■ What the task asks
Transcribe only the stretch of lines that opens with the line containing "1 Stk Querverbinder" and closes with the last line of the listing, skipping pictures.

■ Exercise data

○ ○ ○ ○ ○ ○ ○

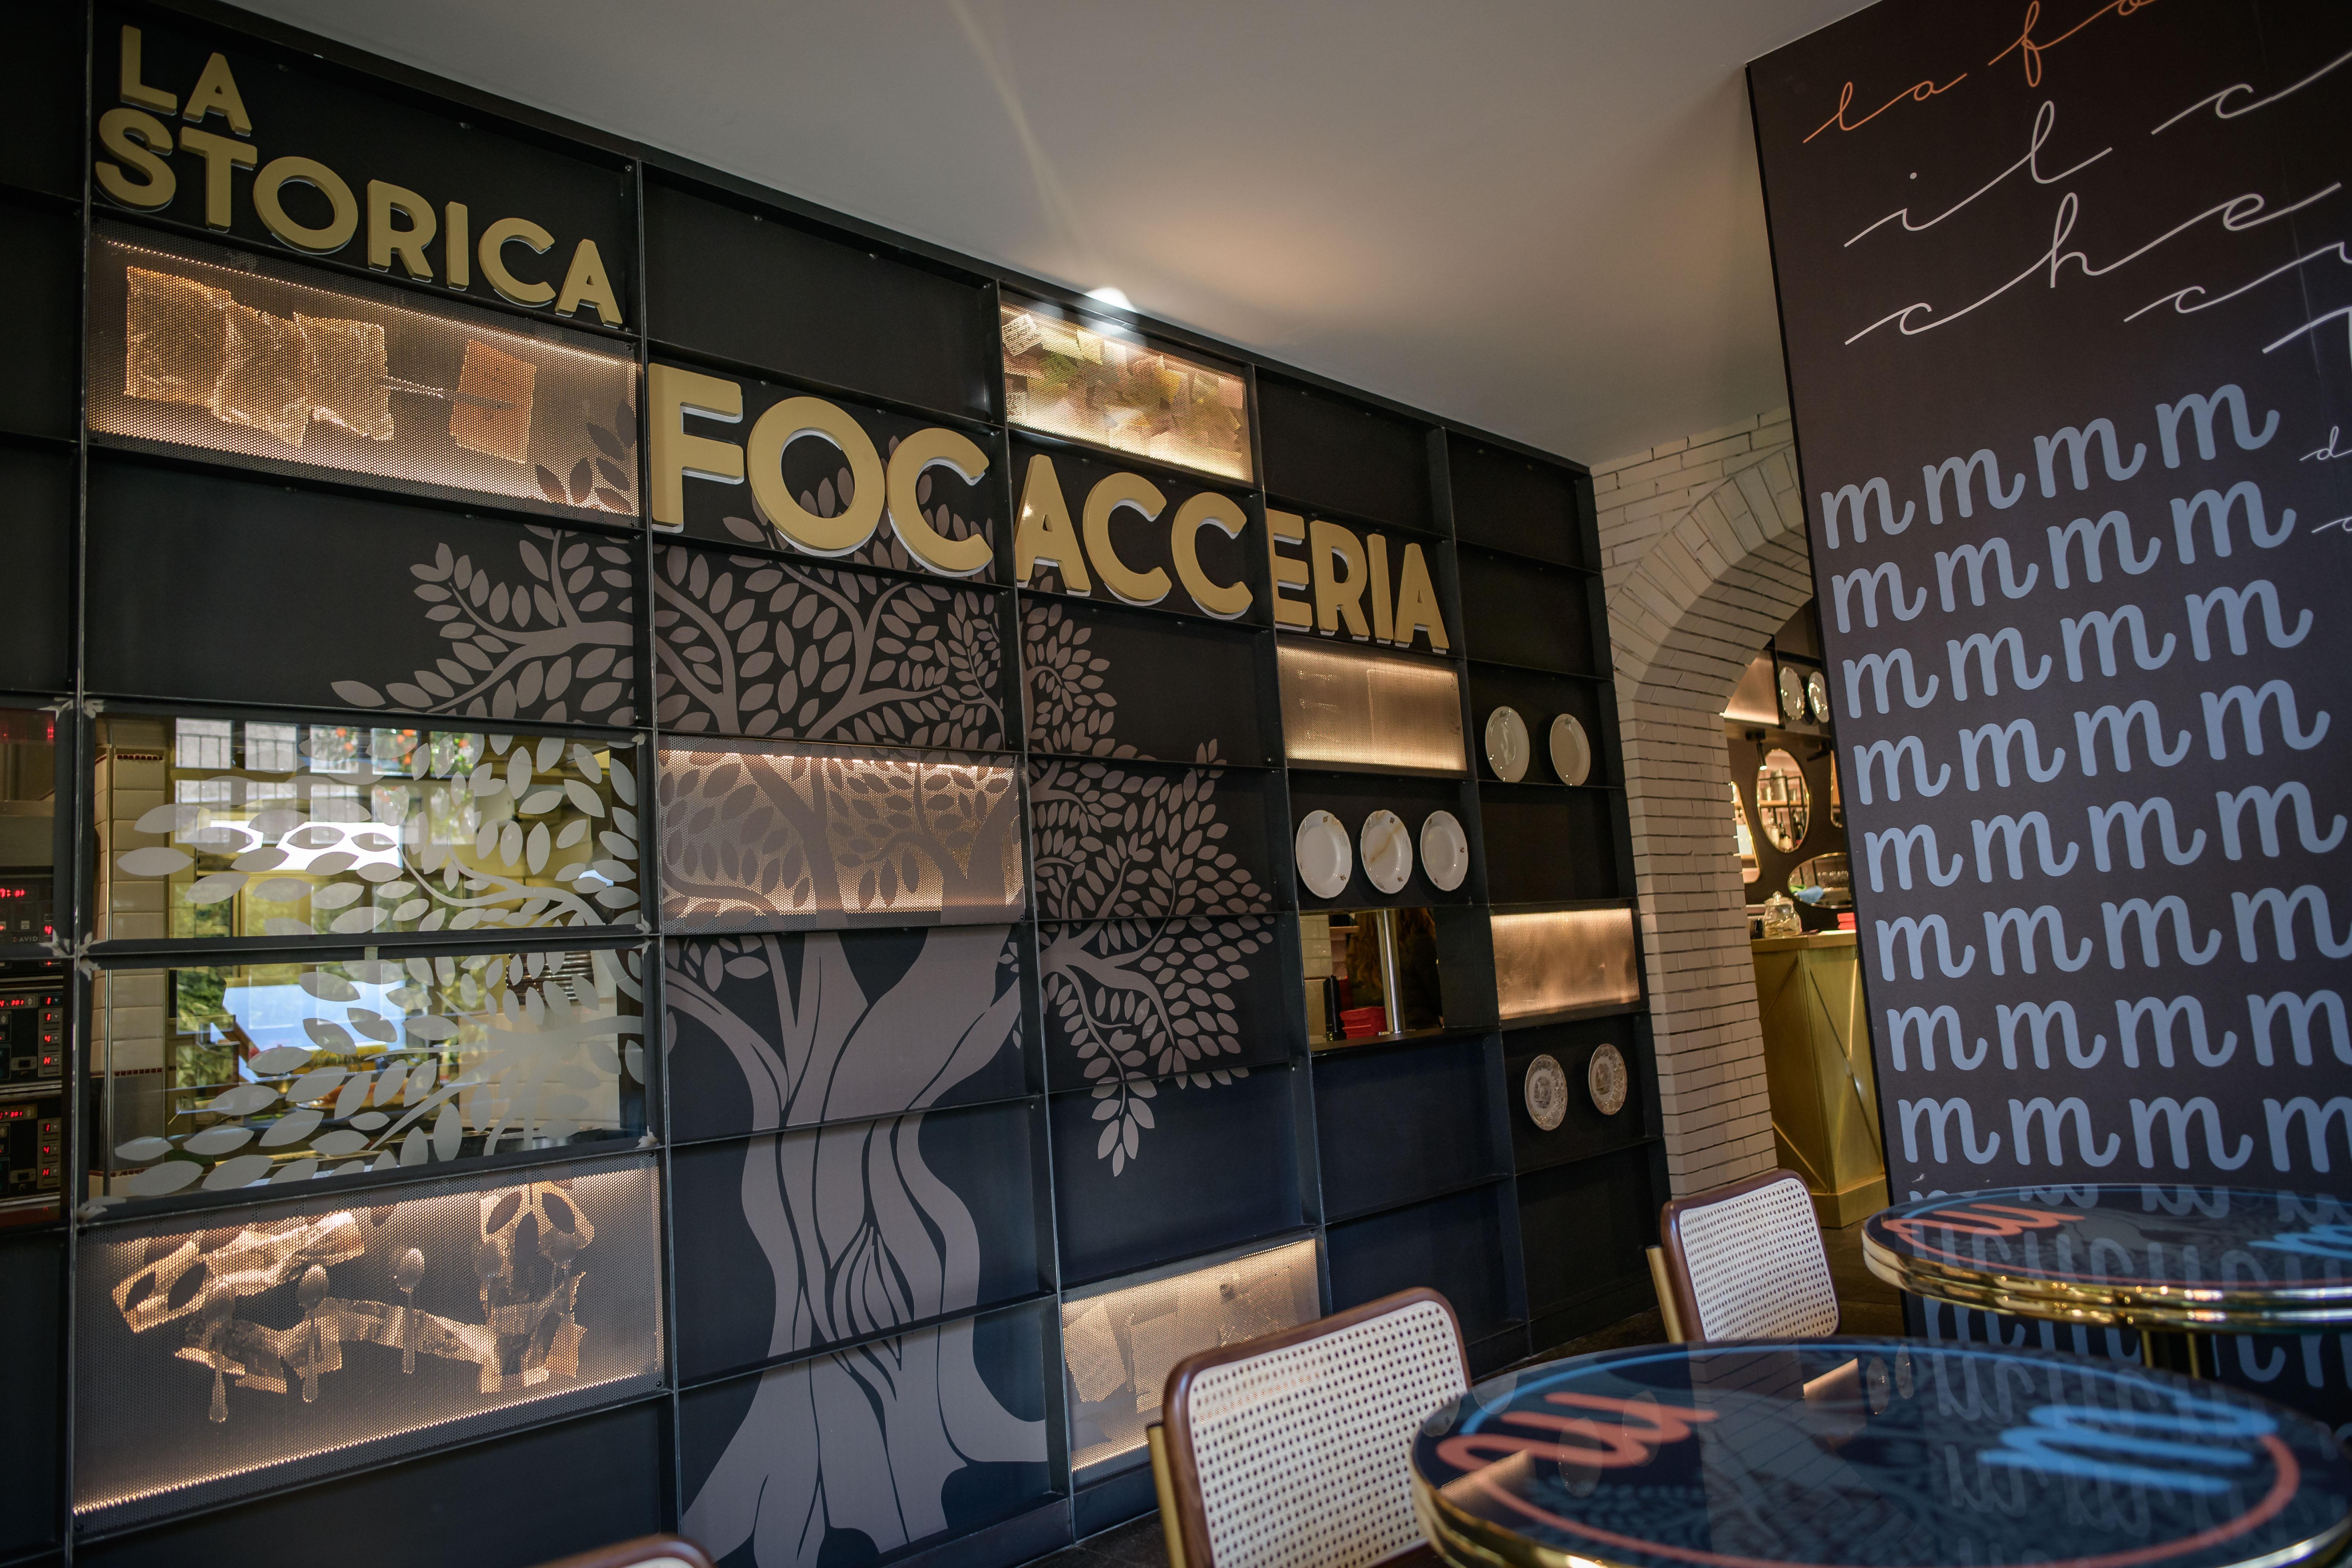 Focacceria0023
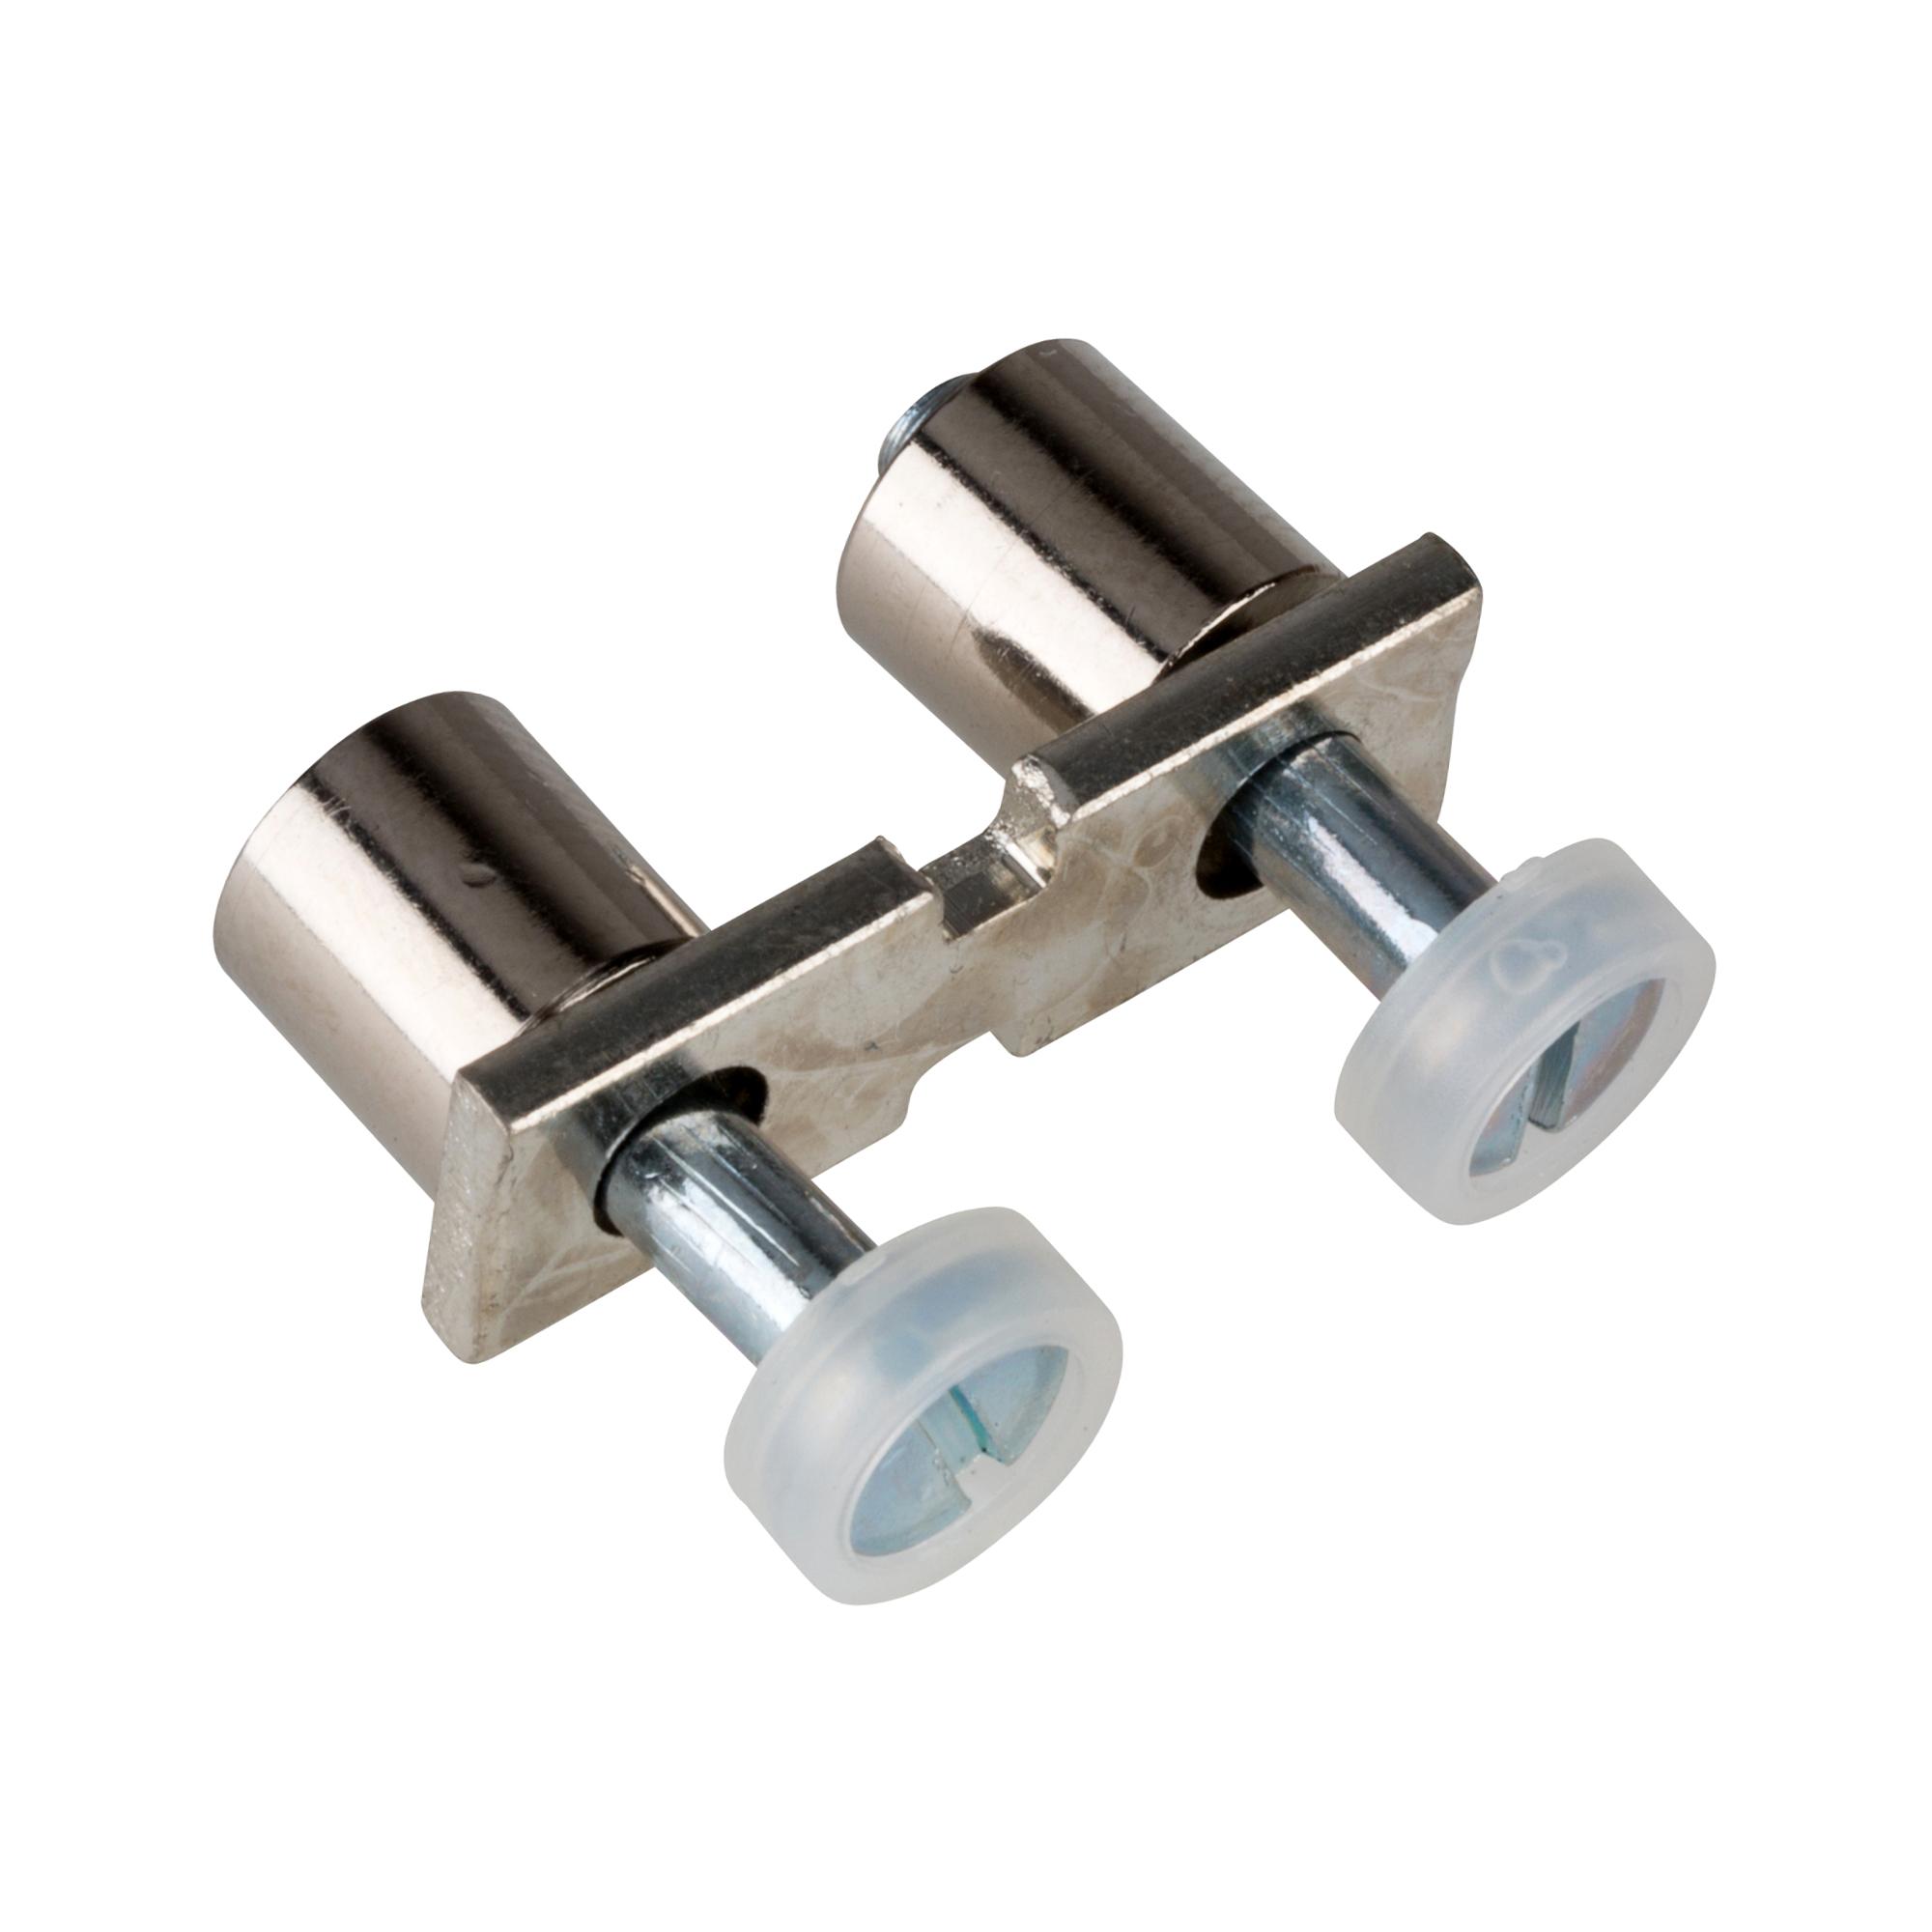 1 Stk Querverbinder 2-polig/35mm² für AVK 35 IK600572--
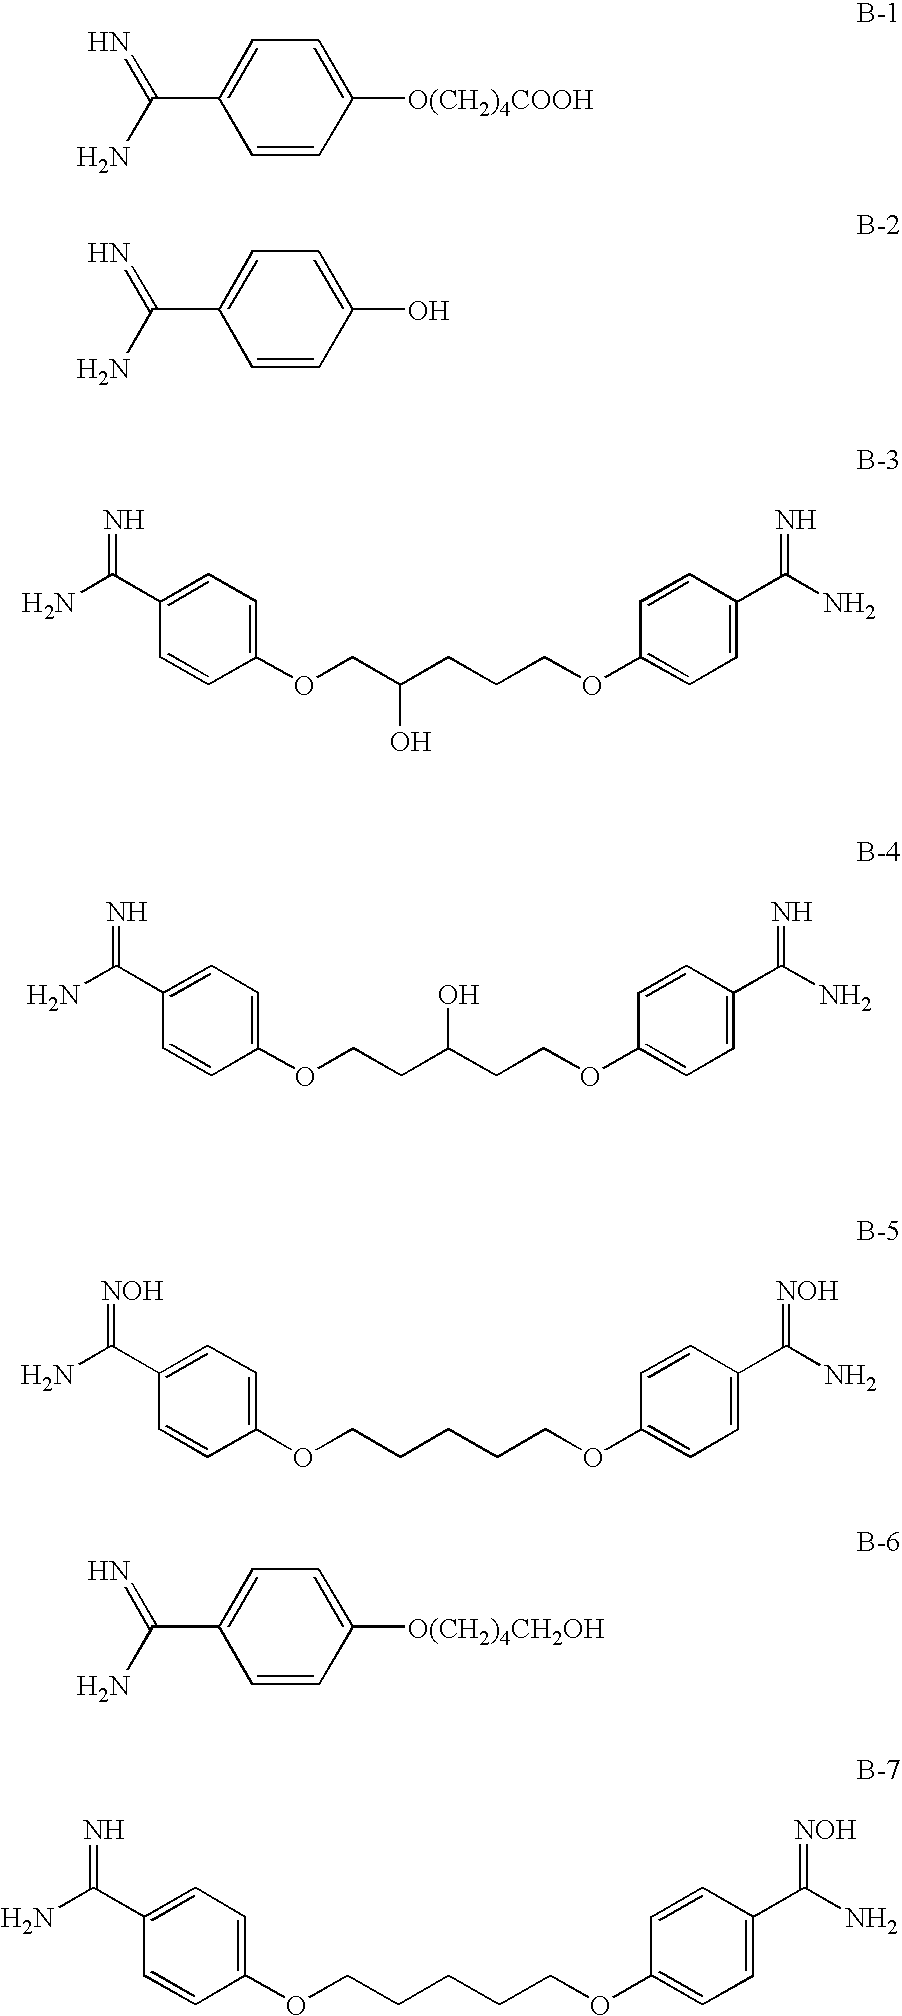 Figure US20070299043A1-20071227-C00139

○ ○ ○ ○ ○ ○ ○

■ Solution
 1 Stk Querverbinder 2-polig/35mm² für AVK 35 IK600572--
 Figure US20070299043A1-20071227-C00139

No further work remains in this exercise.